Onu bizim hükümet tarihine sormak lazım. Atatürk yaptı mı yapmadı mı soru işareti olduğu için, Çanakkale’yi Cumhuriyet pek fazla benimsemedi. Daha çok Kurtuluş savaşını benimsedi. Ama daha sonra millet Çanakkale’ye hücum edince, orayı da önemsemeye başladılar.
Kurtuluş Savaşı’yla Çanakkale Savaşı arasındaki fark neydi ki böyle, biri önemsendi, diğeri unutturuldu?
Kurtuluş Savaşı’nda Atatürk Başkomutandı, Çanakkale’de ise yarbaydı. Aradaki en büyük fark buydu.
Gelelim tarih kitaplarınıza, ilk tarih kitabınız Çanakkale Mahşeri mi?
Yazılamamış Destanlar adlı bir kitap vardı Balkan Savaşı’yla ilgili, ilk tarih kitabım odur. Benim rahmetli amcam 1912’de Edirne’de şehit oldu. Sonra babamı savaşa aldılar. Babam pek fazla konuşmazdı, ama arkadaşları dükkâna geldiklerinde konuşurlardı. Oradan kulak misafiri olmuştum Yazılamamış Destanlar’a. Edirne’nin Bulgarlardan geri alınışı anlatılıyor o kitapta.
Yassı ada mahkemelerini hiç unutmam
Tarihe kendi hayatınızdan not düşmek isteseniz neleri not düşerdiniz? Hangi anınız hafızanızda canlı?
27 Mayıs darbesi kafamda çok canlı. O zamanlar 18-19 yaşlarında üniversiteye yeni başlamış bir gençtim. Menderes, millet tarafından çok sevilen bir adamdı. Bunu yassı adaya götürdüler. Millet yassı ada değil yaslı ada derdi oraya. Üniversiteye yeni gelmiştik o zamanlar. Radyodan dinlerdik Yassı ada mahkemelerini. Menderes’in asılacağı gün Beyazıt’ta Simkeşane Meydanı’nda eylem yapmıştık.
Devlet felsefesiyle ilgili kitaplarınız da var sizin. Türkiye’nin son zamanlardaki devlet felsefesini nasıl buluyorsunuz?

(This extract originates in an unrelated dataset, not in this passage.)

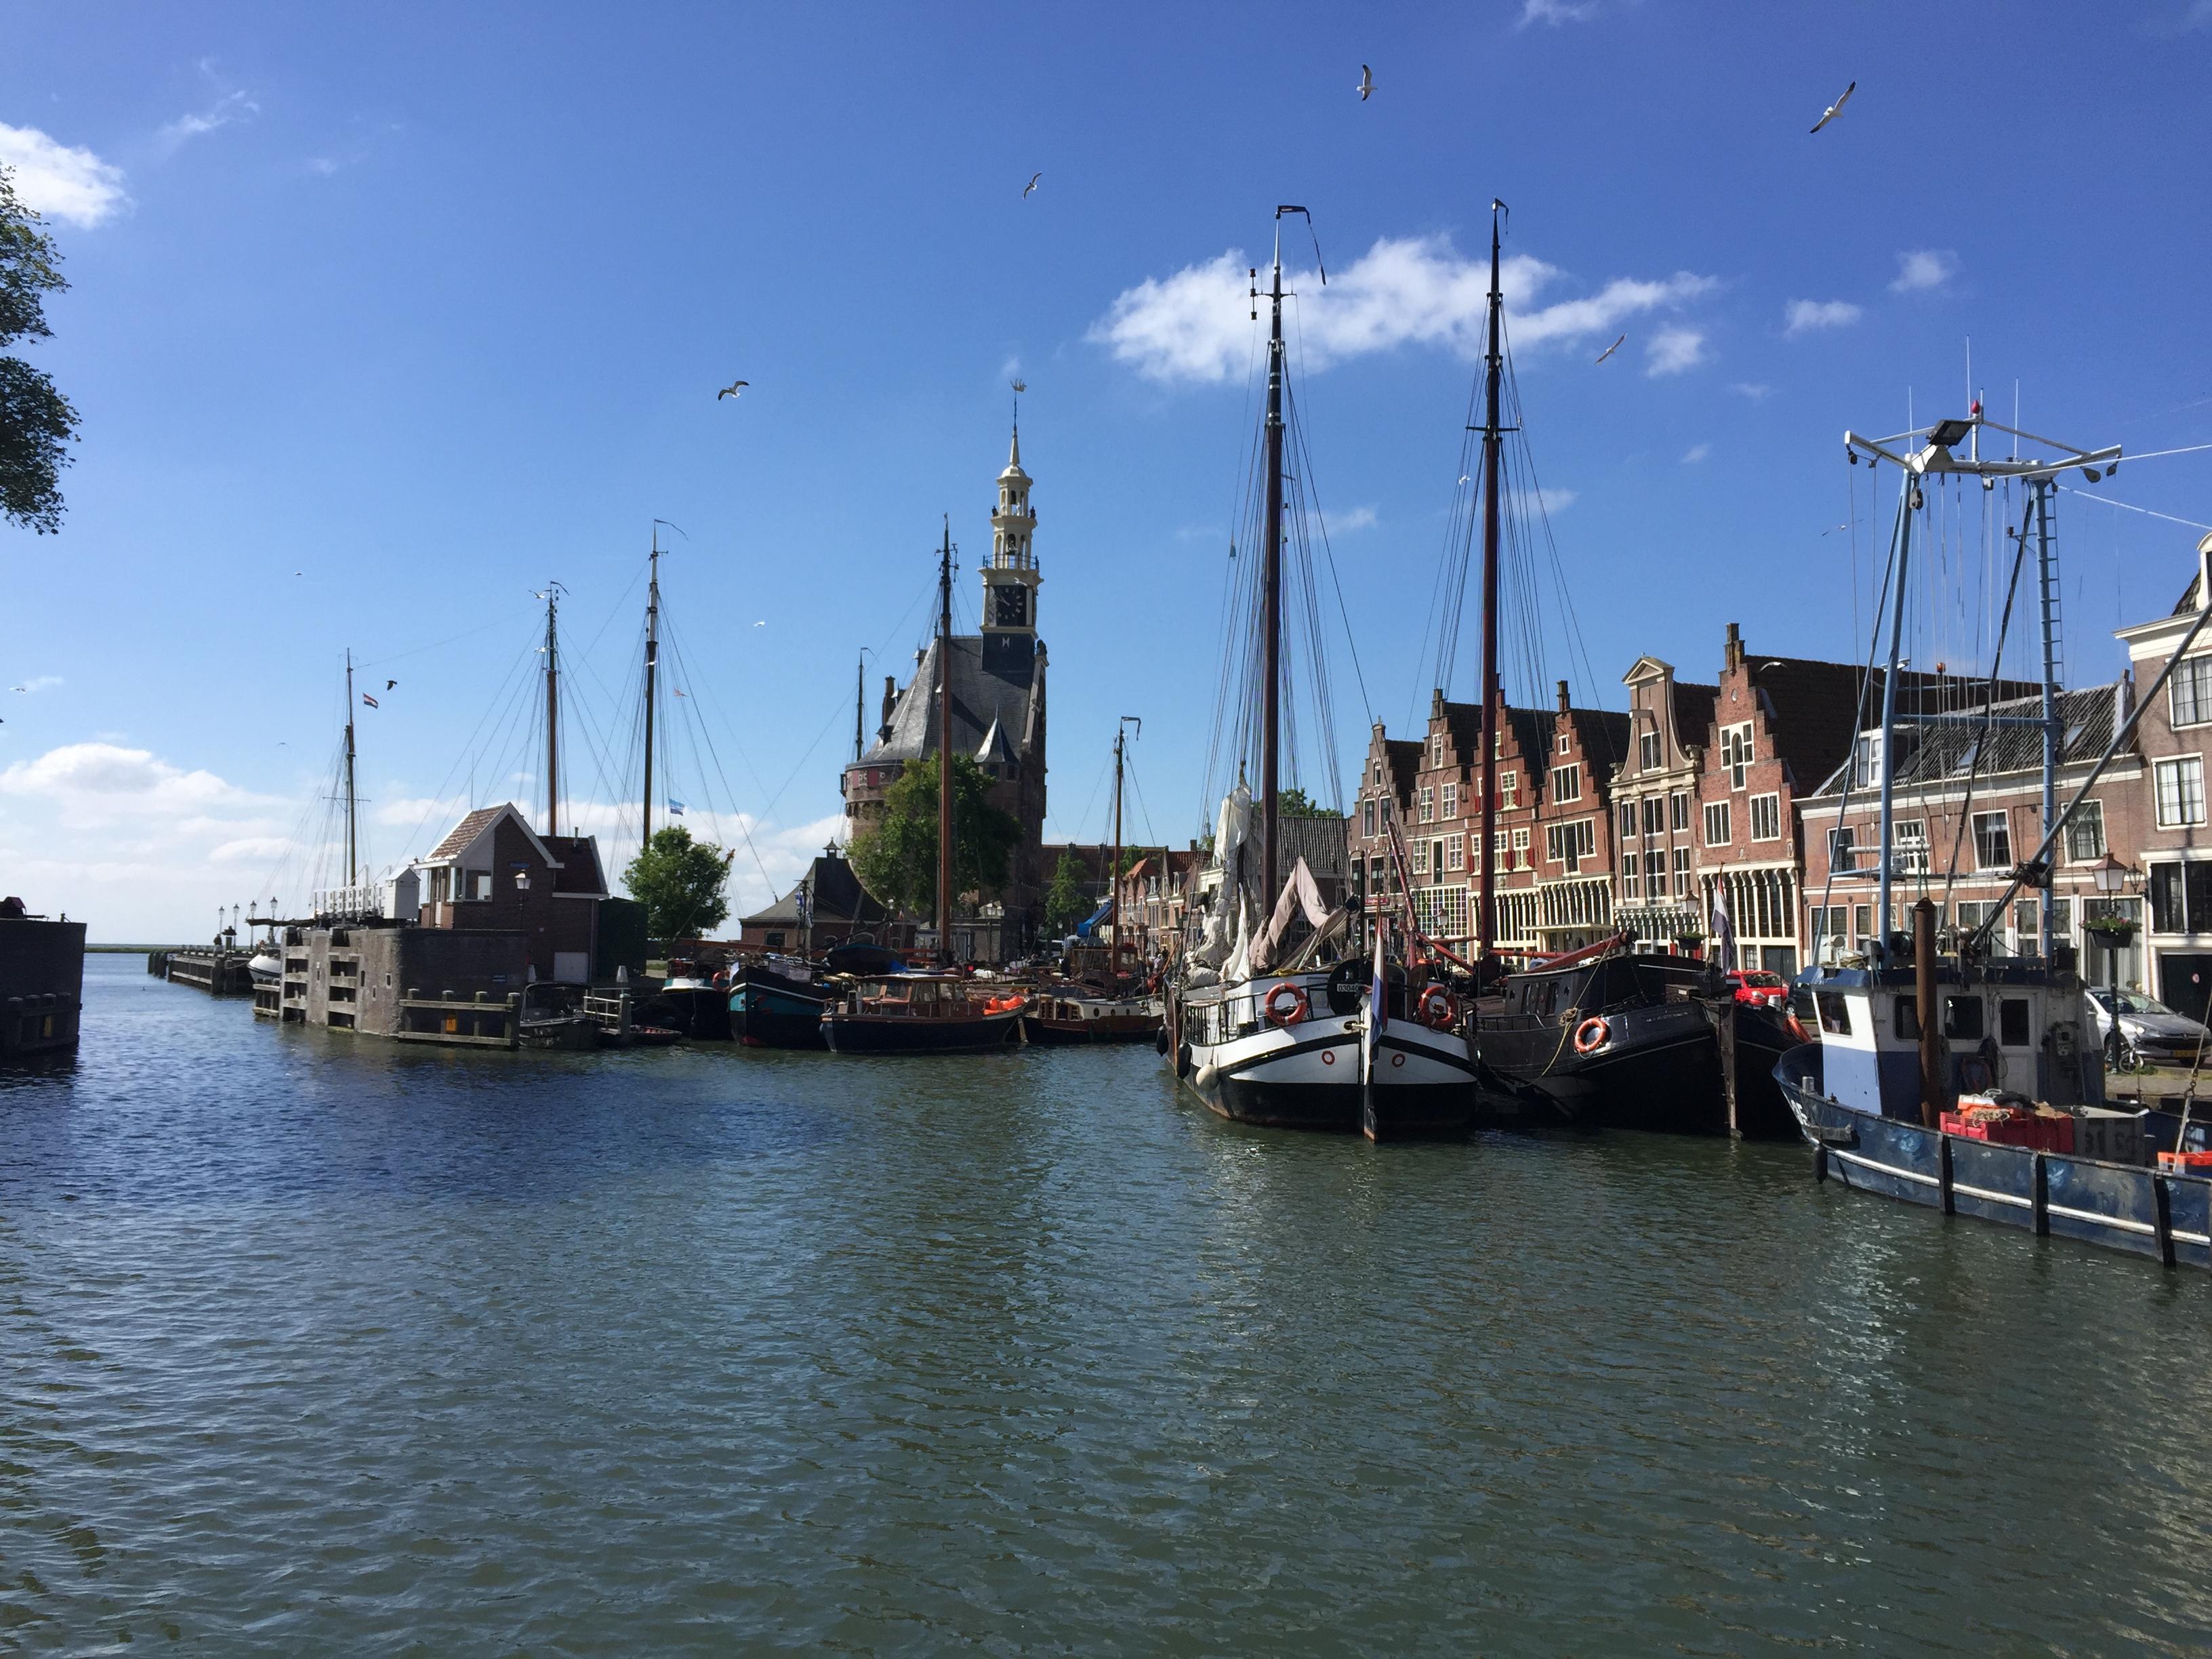 Stadswandeling Hoorn | Rondleiding Hoorn
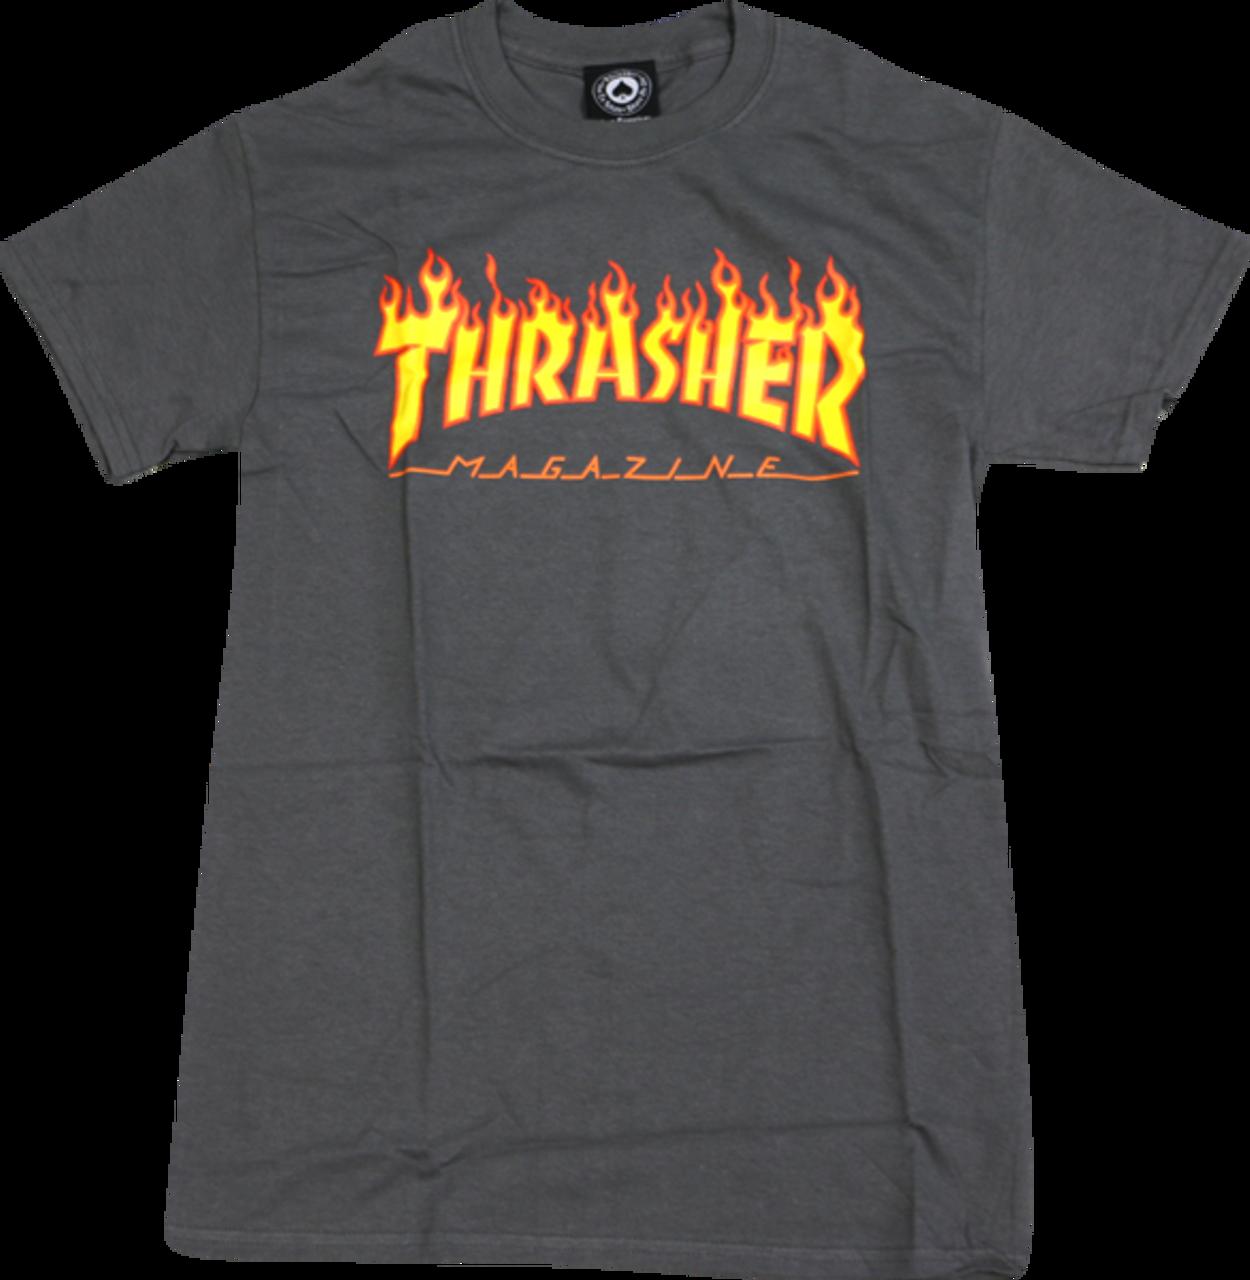 cfdbf35128c2 Chargement Source · THRASHER FLAME T Shirt Charcoal

Türkiye’nin devlet felsefesi diye bir felsefesi olduğunu sanmıyorum. Cumhuriyetle beraber devletin başı olan Mustafa Kemal yön veriyordu millete. 1950’den itibaren Menderes’le beraber bu değişmeye başladı. Yavaş yavaş Türk milleti kendi felsefesini oluşturmaya başladı. Millete güven geldi. Turgut Özal’la beraber daha çok değişti. Ve AK Parti’nin gelmesiyle, tam rayına oturmuş olduğunu sanıyorum bu felsefenin.
Türkiye maneviyata yönelmiştir
Bugünün tarihini yazmak isterseniz nasıl bir cümle kurardınız?
Şimdi tabi dünya çok küçüldü. Rahmetli Menderes yapmış olduğu işleri basına göstermezdi ki Avrupa karşı koymasın diye. AK Parti ülkeyi kalkındırıyor, bunu görüyoruz. Tayyip Bey Avrupa’nın bir tavuğuna kış demedi, fakat Avrupa basını Tayyip Beyi kötülüyor. Niçin? Türkiye’yi kalkındırdı, Osmanlı coğrafyasına sahip çıktı diye. Bugünün tarihini yazsam, “Türkiye maneviyata yönelmiştir” cümlesini kurardım. Mesela eskiden İmam Hatiplerde ramazanda 30 gün iftar vermek için 30 kişi bulamazdık. Vehbi Koç’a gittiklerinde 500 lira vereceğini söyleyip onu bile vermemişti. Yani İmam Hatipler bu cemiyetin üvey evladı gibiydi. Bugünse 1000’lerce yardım edecek kişi bulunabiliyor.
Bir taraftan maneviyata yöneliş arttı, diğer taraftan bir şeyler eksik mi kalıyor? Eksik olan ne sizce?
Aziz Sancar Nobel alarak bizi gururlandırdı. Sancar gibi Nobel’e layık çok insanımızın olması lazım, bir iki tane değil. Bir taraftan ilim irfan olacak, diğer taraftan maneviyat olacak. İkisi birbirini tamamlarsa ilerleme olur.